Oleh : Ronny Baehaqi
Dokter Gigi RS dr. Soetomo Surabaya
Dentamedia No. 1 Vol. 19 : Januari - Maret 2015
Akhir tahun 2013 sudah
dihembuskan isu tentang pelaksanaan Jaminan Kesehatan Nasional (JKN) yang
digawangi oleh BPJS-Kesehatan alias PT Askes (Persero) yang berganti baju. Dari
sisi ini saja sudah dapat diprediksi apa yang akan terjadi, terutama untuk
bidang kesehatan gigi dan mulut. Sudah bukan rahasia, kalau perlakuan
Askes terhadap bidang kedokteran gigi
sangat minor, dari sejak lama Askes menghitung utilitas pelayanan keseha-tan
gigi hanya 0,2%, dan pola ini tidak berubah sampai tahun 2013.
Masalahnya pola kapitasi yang akan diterapkan pada
pelayanan primer (dulu disebut PPK I) dihitung berdasarkan utilitas yang hanya
0,2% itu, sehingga lahirnya besaran kapitasi Rp. 2.000 untuk dokter gigi di pelayanan
primer. Harian Republika pernah menulis, tukang parkir saja dari satu kendaraan
mengutip Rp. 2000 tanpa resiko serius, kenapa a seorang dokter gigi yang harus
keluar tenaga, alat, bahan habis pakai, serta resito hanya menerima bayaran
dengan jumlah rupiah yang setara.
Di atas kertas, asumsi yang diungkapkan oleh
BPJS-Kesehatan sangatlah manis, tapi kenyataan dilapangan berkata lain.
Persoalan pertama adalah pencairan klaim di rumah sakit, tagihan pelayanan
Bulan Januari ada yang sampai baru pada Bulan April cairannya. Akibatnya sarana
pelayanan kesehatan harus mempunyai cukup cadangan alat, obat dan bahan habis
pakai serta dana untuk menggaji pegawai. Kemudian besaran tariff BPJS-Kesehatan
tidak masuk akal karena sangat tidak sesuai dengan real unit cost, belum
lagi terjadi perbedaan yang signifikan berdasarkan tipe dari rumah sakitnya.
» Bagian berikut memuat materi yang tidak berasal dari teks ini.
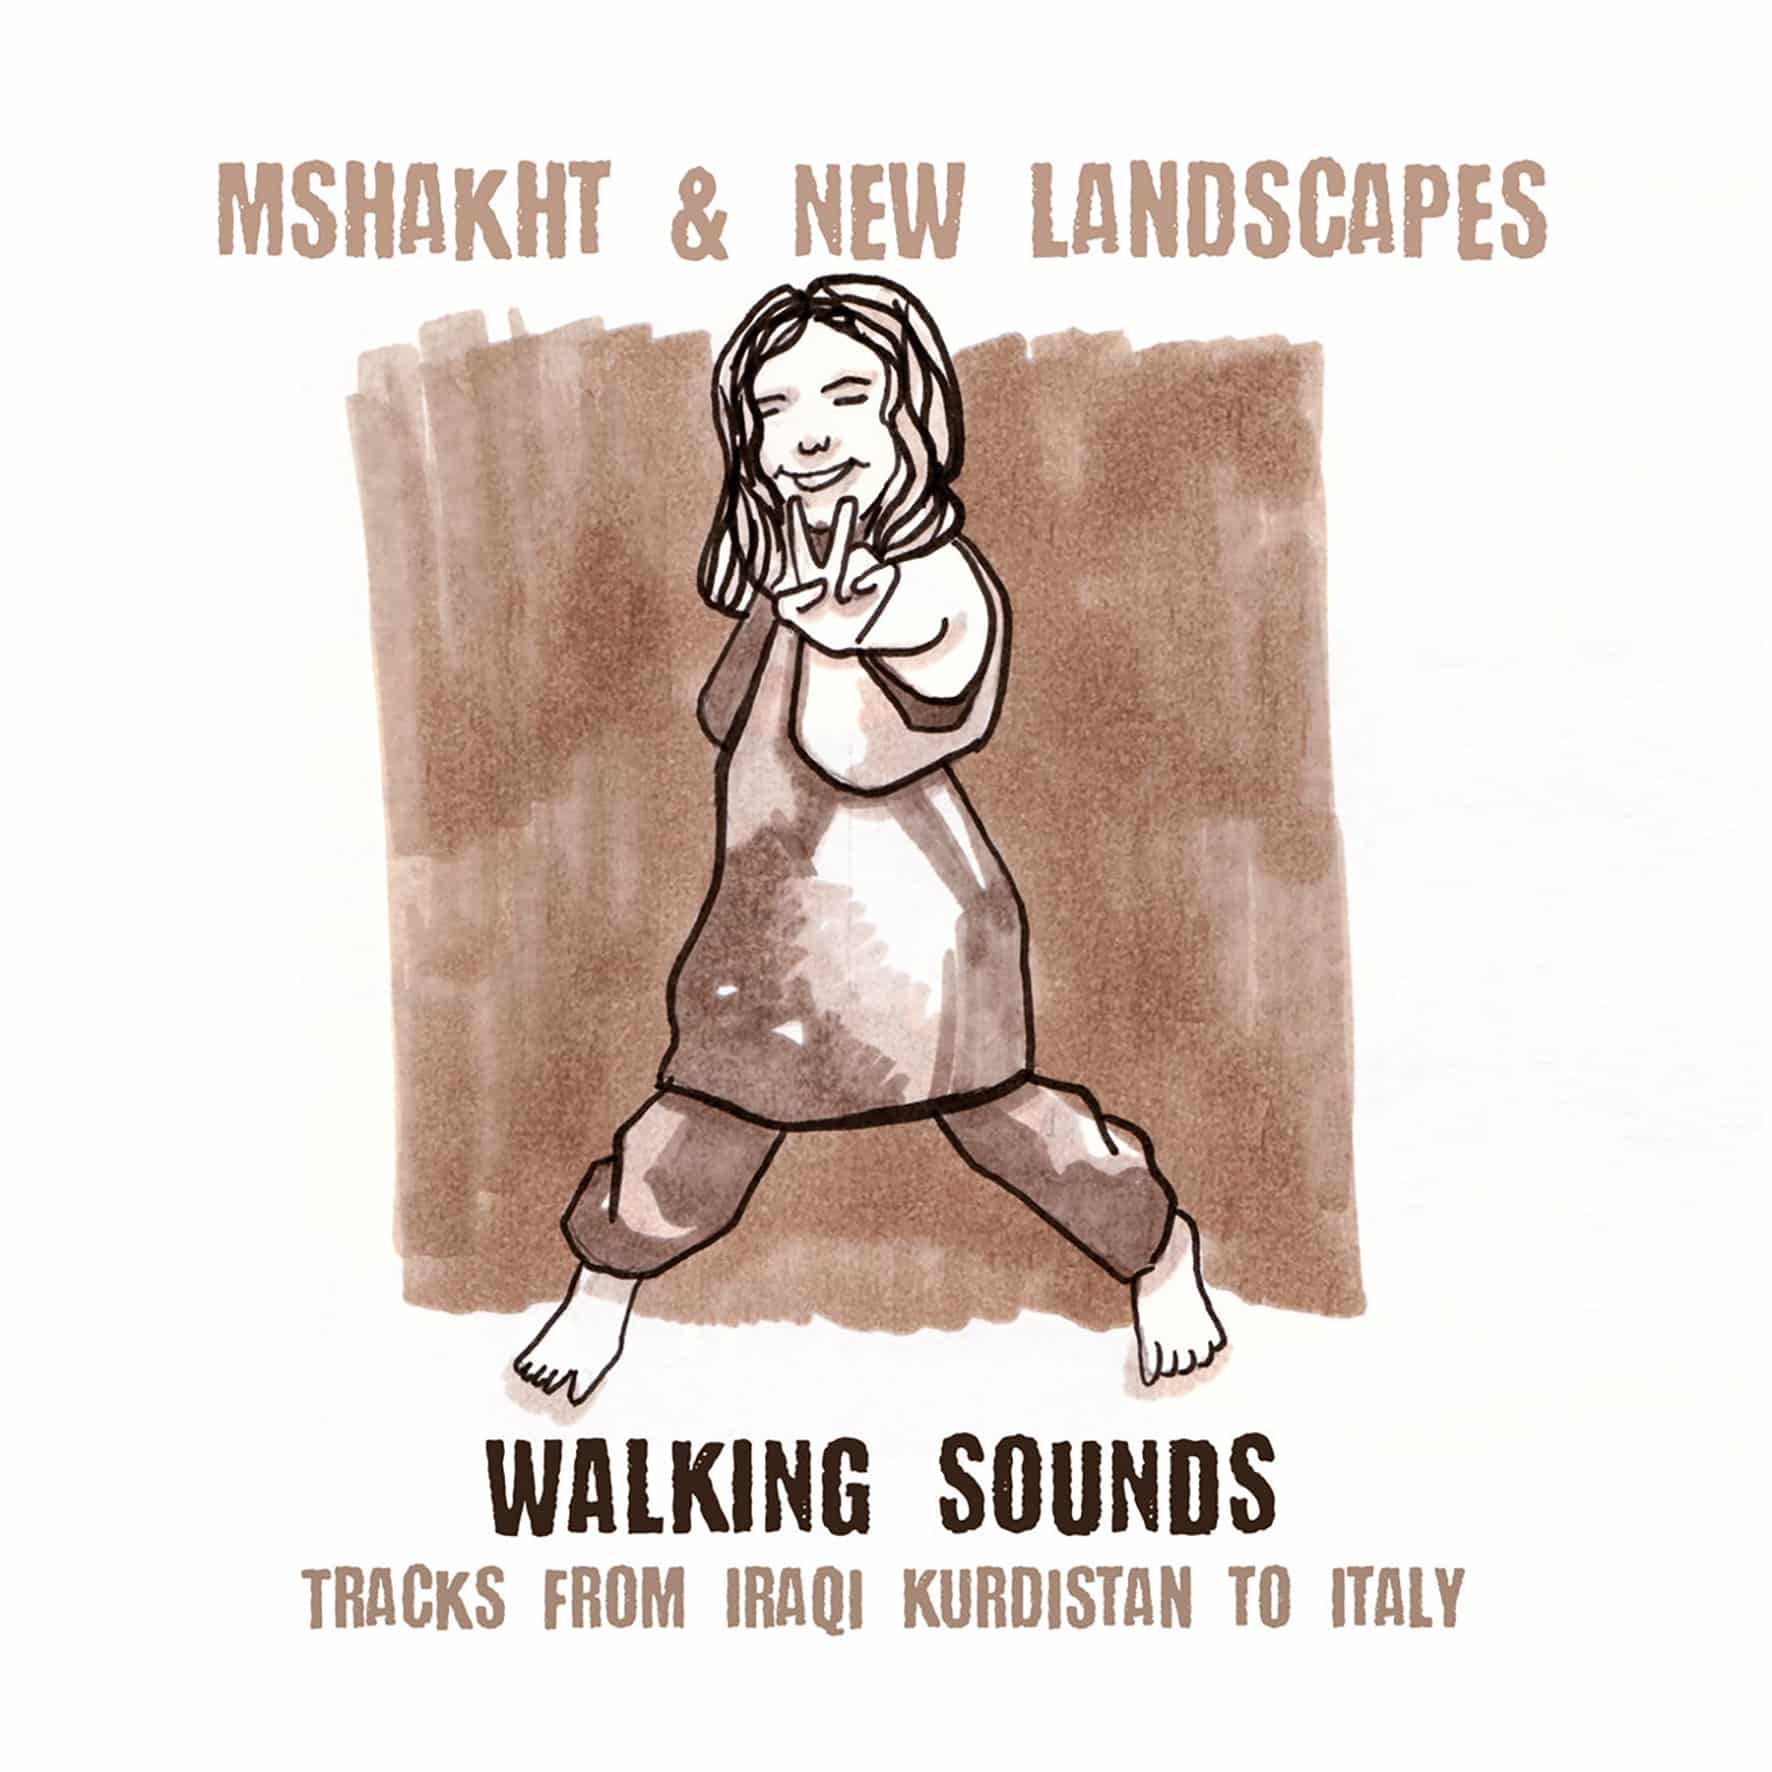 Mshakht & New Landscapes - Tracks from Iraqi Kurdistan to Italy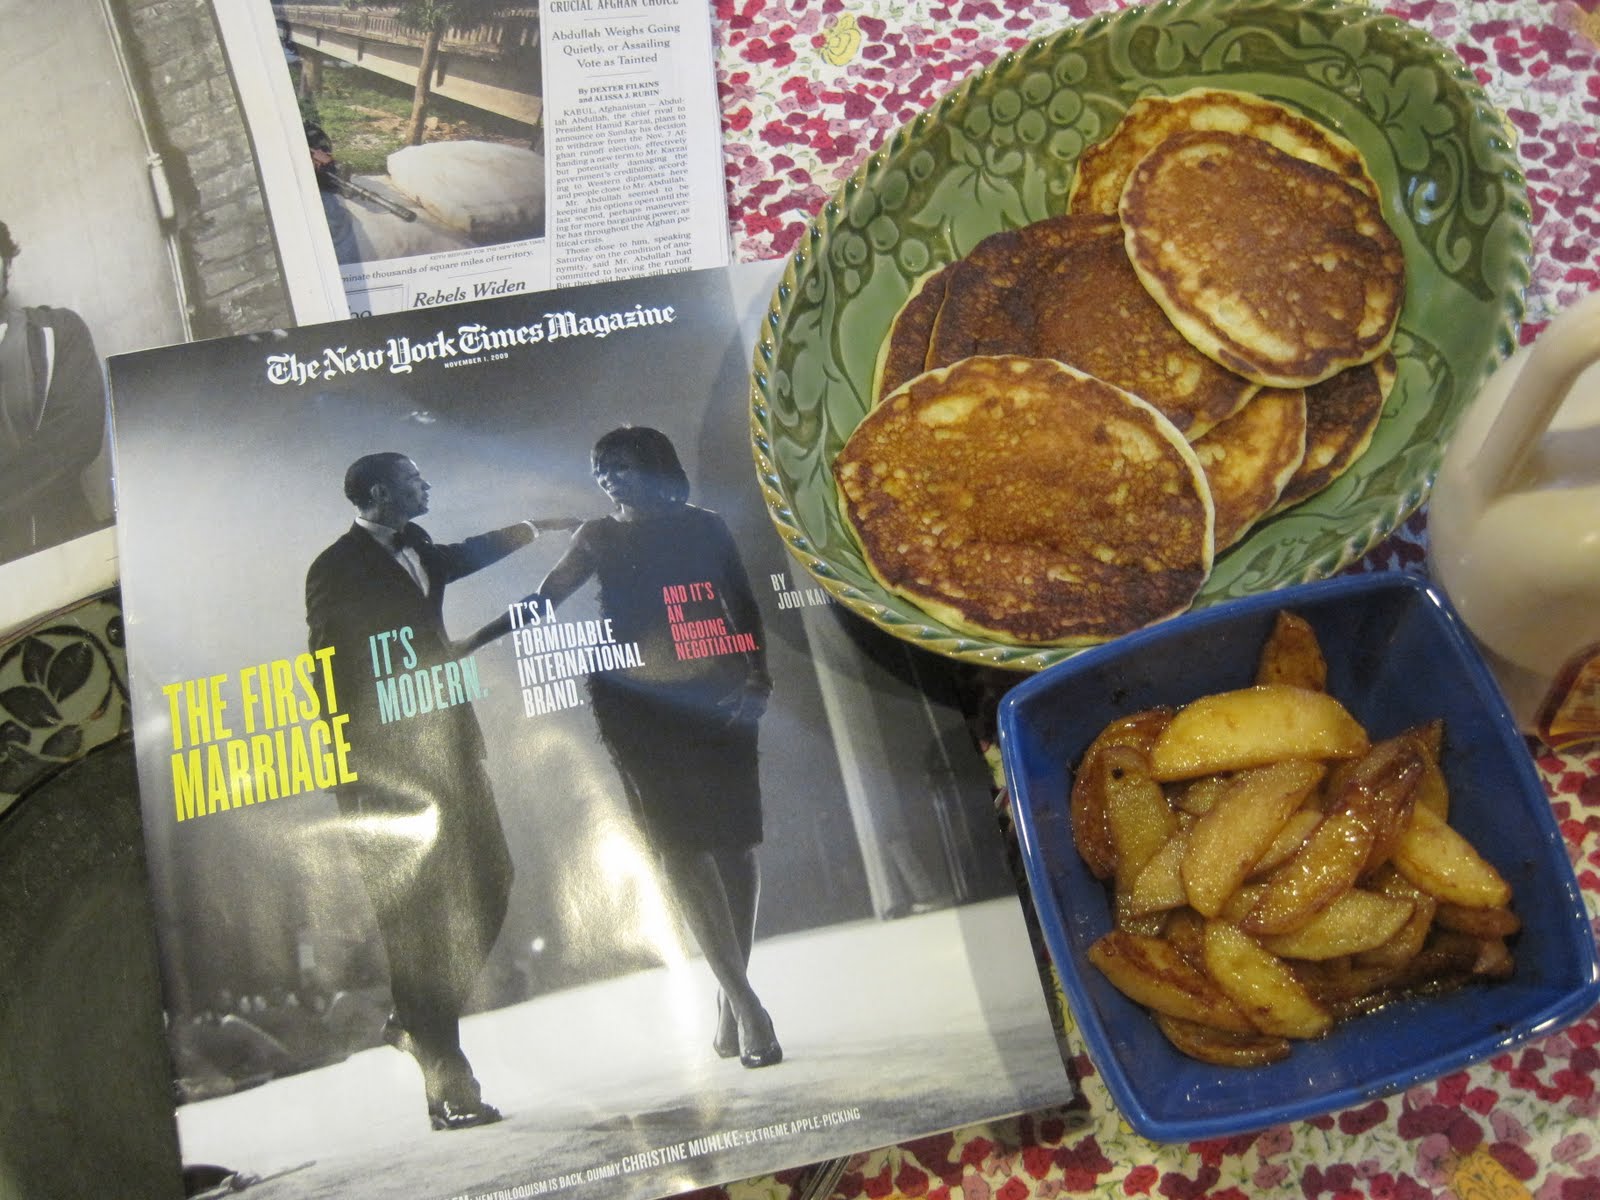 [pancakes.JPG]

Kenyamanan dokter dalam mengerjakan pasien BPJS-pun
tidak dipehatikan, bayangkan, seorang dokter yang telah menolong pasien dan
merawatnya dengan baik, kini dihantui
oleh tuduhan over service dari verifikator dan dapat berujung pada teguran,
pemotongan gaji, bahkan katanya bisa dipidanakan.
Jadilah ini seperti buah simalakama, dikerjakan
sesuai standar medis terancam mendapatkan teguran, jika tidak dikerjakan dikecam
oleh pasien dan menyalahi sumpah hipokrates yang telah kita ucapkan.
Perlu perbaikan tarif layanan pada sistem JKN untuk
bidang kedokteran gigi, tanpa perubahan tarif, pelayanan akan dibawah standar.
Kemudian perlu perubahan undang-undang agar organisasi profesi seperti PDGI dan
IDI memiliki peran dalam penentuan tarif Ina CBGs.
Perbaikan fundamental lain yang perlu dilakukan
pemerintah adalah memperbanyak fasilitas kesehatan dan tenaga dokter, sehingga
tidak akan terdengar lagi pasien harus antri sejak sebelum matahari terbit.
Hambatan administrasi yang dihadapi dokter muda
seperti uji kompetensi dan internship harus dihilangkan, demikian pula dengan
sertifikasi yang bahkan saat ini dokter harus memiliki Sertifikat Profesi dan
Sertifikat Kompetensi, dua hal yang sebenarnya bisa diwakili oleh Ijazah
Dokter.
Setahun sudah berlalu sejak program ini digulirkan,
sudah banyak aturan yang direvisi namun hasilnya tidak sesuai harapan. Selain
tarif yang tidak sesuai, keterbatasan sarana pelayanan kesehatan, keterbatasan
renaga dokter, ada lagi masalah besar yaitu masih dominannya aspek kuratif dari
pada promotif. Angka kesakitan masih diatas 40% sehingga anggaran pastinya akan
tersedot kearah itu. Hanya dengan mengencarkan tindakan promotif, angka
kesakitan 40% dapat diubah menjadi 20% sesuai program JKN; itu menjadi
pekerjaan rumah pemerintah.
Semoga dikemudian hari, program JKN ini bisa
menyehatkan masyarakat Indonesia serta
juga bisa mensejahterakan seluruh tenaga kesehatan.